In your answer, reproduce exactly the lines from the beginning of the listing below through the one containing "In original condition, with", and only those lines.

________________________

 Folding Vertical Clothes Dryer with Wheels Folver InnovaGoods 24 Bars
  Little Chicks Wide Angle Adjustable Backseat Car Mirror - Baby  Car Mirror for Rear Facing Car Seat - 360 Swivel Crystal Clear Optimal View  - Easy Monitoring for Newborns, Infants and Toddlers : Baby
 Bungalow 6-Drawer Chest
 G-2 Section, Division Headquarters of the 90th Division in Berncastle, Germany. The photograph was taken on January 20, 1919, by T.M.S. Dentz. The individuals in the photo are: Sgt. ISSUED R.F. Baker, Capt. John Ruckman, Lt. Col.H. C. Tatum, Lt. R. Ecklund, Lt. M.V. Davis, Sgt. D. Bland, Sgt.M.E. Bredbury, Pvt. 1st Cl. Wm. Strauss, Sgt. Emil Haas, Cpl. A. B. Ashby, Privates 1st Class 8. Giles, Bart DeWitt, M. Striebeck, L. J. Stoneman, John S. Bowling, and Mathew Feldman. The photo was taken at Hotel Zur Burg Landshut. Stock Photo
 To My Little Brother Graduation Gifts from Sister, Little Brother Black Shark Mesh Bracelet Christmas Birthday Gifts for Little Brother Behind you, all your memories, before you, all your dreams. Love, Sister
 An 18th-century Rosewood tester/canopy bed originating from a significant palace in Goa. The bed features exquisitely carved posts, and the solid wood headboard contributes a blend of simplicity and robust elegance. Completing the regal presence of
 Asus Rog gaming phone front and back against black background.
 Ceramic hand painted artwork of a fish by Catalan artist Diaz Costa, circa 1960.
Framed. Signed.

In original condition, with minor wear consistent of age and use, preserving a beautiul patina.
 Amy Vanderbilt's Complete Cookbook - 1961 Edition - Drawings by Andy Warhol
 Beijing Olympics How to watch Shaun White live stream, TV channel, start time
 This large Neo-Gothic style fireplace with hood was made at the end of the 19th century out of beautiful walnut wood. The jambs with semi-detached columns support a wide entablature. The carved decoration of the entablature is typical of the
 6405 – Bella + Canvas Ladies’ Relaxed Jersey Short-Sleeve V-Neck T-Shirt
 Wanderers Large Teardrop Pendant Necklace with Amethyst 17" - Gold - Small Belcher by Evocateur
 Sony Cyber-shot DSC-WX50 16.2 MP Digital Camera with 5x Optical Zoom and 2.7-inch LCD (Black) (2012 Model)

________________________

*Task response*:
 Folding Vertical Clothes Dryer with Wheels Folver InnovaGoods 24 Bars
  Little Chicks Wide Angle Adjustable Backseat Car Mirror - Baby  Car Mirror for Rear Facing Car Seat - 360 Swivel Crystal Clear Optimal View  - Easy Monitoring for Newborns, Infants and Toddlers : Baby
 Bungalow 6-Drawer Chest
 G-2 Section, Division Headquarters of the 90th Division in Berncastle, Germany. The photograph was taken on January 20, 1919, by T.M.S. Dentz. The individuals in the photo are: Sgt. ISSUED R.F. Baker, Capt. John Ruckman, Lt. Col.H. C. Tatum, Lt. R. Ecklund, Lt. M.V. Davis, Sgt. D. Bland, Sgt.M.E. Bredbury, Pvt. 1st Cl. Wm. Strauss, Sgt. Emil Haas, Cpl. A. B. Ashby, Privates 1st Class 8. Giles, Bart DeWitt, M. Striebeck, L. J. Stoneman, John S. Bowling, and Mathew Feldman. The photo was taken at Hotel Zur Burg Landshut. Stock Photo
 To My Little Brother Graduation Gifts from Sister, Little Brother Black Shark Mesh Bracelet Christmas Birthday Gifts for Little Brother Behind you, all your memories, before you, all your dreams. Love, Sister
 An 18th-century Rosewood tester/canopy bed originating from a significant palace in Goa. The bed features exquisitely carved posts, and the solid wood headboard contributes a blend of simplicity and robust elegance. Completing the regal presence of
 Asus Rog gaming phone front and back against black background.
 Ceramic hand painted artwork of a fish by Catalan artist Diaz Costa, circa 1960.
Framed. Signed.

In original condition, with minor wear consistent of age and use, preserving a beautiul patina.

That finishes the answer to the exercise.